И почти неизменно, чем бы Борис не занимался: читал ли любимого Есенина со сцены, наблюдал ли из комментаторской будки за игрой двух знакомых до боли местных команд, сидел ли в баре после матча и травил байки с приятелями, возвращался ли понуро домой, абсолютно везде Боря чувствовал, что он как будто проживает чужую жизнь.

Его место не здесь. Он должен быть где-то там. Где именно, Боря, правда, и сам затруднялся сказать. Но чувствовал, что где-то там, где свет юпитеров вместе с тысячью восторженных глаз направлен на него. Где он, такой красивый и торжественный, в шикарном костюме и умопомрачительном галстуке с микрофоном в руках благосклонно обращается к своим благодарным зрителям. Где много музыки, много цветов и неприкрытого восхищения… Это не могло быть плодом больного воображения. Ведь он отчётливо видел все эти картины. В течение многих лет…

Тем временем, отшумели разбойно-неустойчивые 90-е, и заграничное изобилие благодатной и щедрой рекой потекло к российскому берегу. Довольно полноводный и упитанный ручеёк прибыл и к родному городу Бориса. В самом центре которого открылся роскошный и невиданный доселе магазин с умопомрачительным названием «Пассаж». И там, о Боже, появился целый отдел исключительно мужских костюмов. Борис самым натуральным образом заболел. Несмотря на то, что к тому времени он уже был женат и имел дочь, он ездил в этот конгломерат неслыханной роскоши, чуть ли не каждый день. Он смотрел на эти костюмы, трогал их рукой, закрывая глаза, представлял себя в них. Вот этот строгий, чёрный – хорош для торжественной и официальной церемонии. Вот в этом – светлом, с голубой полоской, было бы неплохо спуститься к завтраку в парижском отеле «Риц». А этот, о этот, тёмно-бордовый, с искрой, – Боря прижимал рукав к сердцу и снова томно прикрывал глаза, – не замечая, как хихикают молоденькие продавщицы, кивая на него друг другу, – в этом он непременно посетил бы оперу в Риме…

И однажды Боря решился. Оставив ночью маленькую дочку и жену, которую за глаза и в глаза, называл не иначе, как Нина Петровна, Борис хорошенько выпил, что называется, уж поддал так поддал, и… залез в чудесный, таинственный и великолепный «Пассаж». В темноте пробрался к хорошо знакомому отделу, к которому дорогу нашёл бы и с закрытыми глазами, и тут… началось шоу! Борис примерял один костюм за другим, сам себе позировал, величественно, насколько позволял его повреждённый, шейный отдел позвоночника – откидывал голову, отступал назад и кланялся, приближался к зеркалу и самозабвенно прикладывал руку к груди… Это было бесподобно… Вот она настоящая жизнь! Вот где он должен быть!! Он…он, да ну её эту ложную скромность, давайте называть вещи своими именами, – он прекрасен! В конце, Борис так расчувствовался, что прослезился…

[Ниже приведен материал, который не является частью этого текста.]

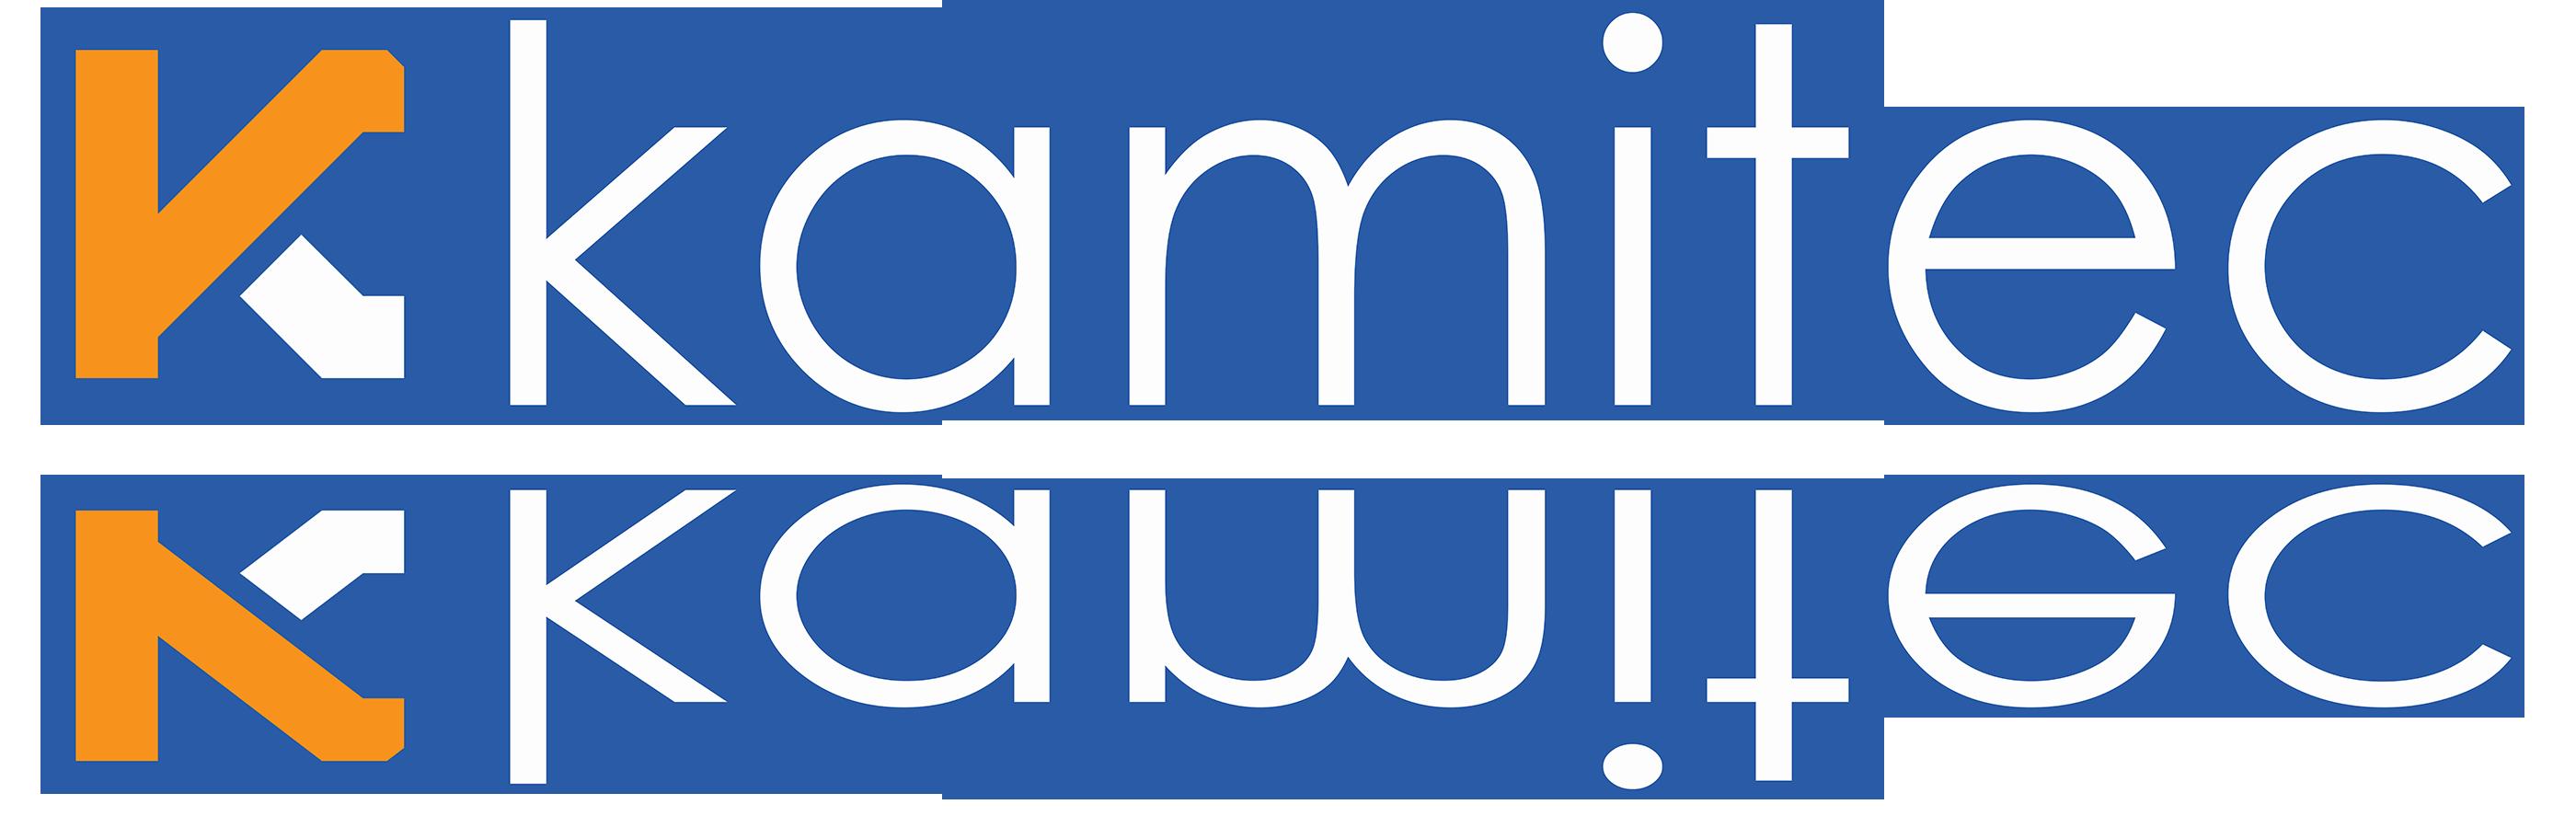 kamitec Informatique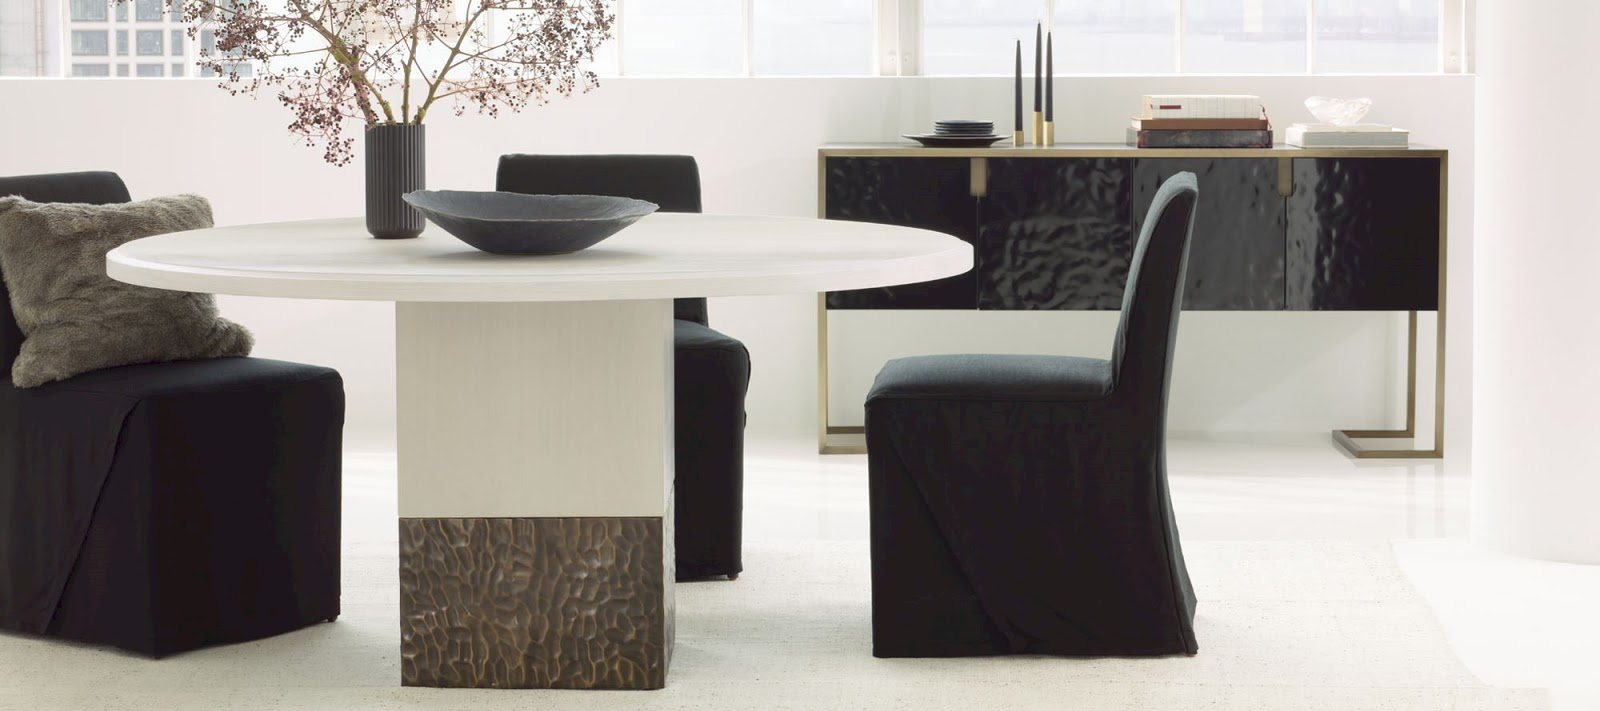 fiorito interior design: kara mann for baker

О том, что всё это действо от начала до конца наблюдали из соседнего с «Пассажем» РОВД Октябрьского района, при этом, как и положено, покатываясь со смеху, он узнал уже потом. А пока… Начинало светать… Борис, хоть и был изрядно выпивши, все костюмы аккуратно повесил на место. Все, кроме одного. Бордового… Того самого, любимого. Главное, он и сшит был, как для него. Ну, будто по Боре мерку-то снимали, ей-богу! В нём и пошлёпал к выходу, утирая глаза от переизбытка чувств. Где его, разумеется, и приняли радушные, но сильные руки постсоветской милиции. Они тоже ещё некоторое время утирали глаза, только от смеха, и обращались с Борей, в благодарность за доставленное удовольствие вполне миролюбиво.

Боря недолго посидел в местах не столь отдалённых, вскоре вышел по УДО за примерное поведение и активное участие в общественной жизни колонии. То есть, Боря читал до дрожи в голосе Есенина, играл на баяне и даже руководил тамошним хором. Паханы Бориску не трогали, он фиктивно записывал их в хор, так как это поощрялось администрацией. Так что «сидел» Боря тоже весело, можно сказать, с огоньком. Тогда же получил кличку «Артист».

Вернувшись к Нине Петровне и слегка подросшей дочери, Боря начал жизнь с чистого листа. Вернее, имел очень серьёзное и очень честное намерение её начать. Но у него не слишком-то получалось. Боря всё больше выпивал, терял работу, снова устраивался, перебивался случайными заработками. А тут ещё и сынок народился. Счастья, можно сказать, ещё больше привалило. И только одна отдушина была у Бори, только одна. Он вспоминал, что где-то его ждёт великолепная, сияющая жизнь, аплодисменты, шикарные костюмы, красивые женщины, восхищающиеся им… Тискающие и наряжающие его, как подружки сестры в детстве. А ещё Борис вспоминал свой сольный вечер в «Пассаже». Нет, ну теперь-то он поумнел. Теперь он таких глупостей делать не станет. Так думал Борис. И тем непонятнее, как произошло то, что, собственно говоря, произошло. Борис каким-то непостижимым образом снова оказался один, ночью, в (заговорённом что ли?) «Пассаже».

И снова доблестные стражи порядка от души повеселились, и снова приняли, так сказать, любителя прекрасного, музыканта и эстета – Бориску, под белы рученьки на выходе…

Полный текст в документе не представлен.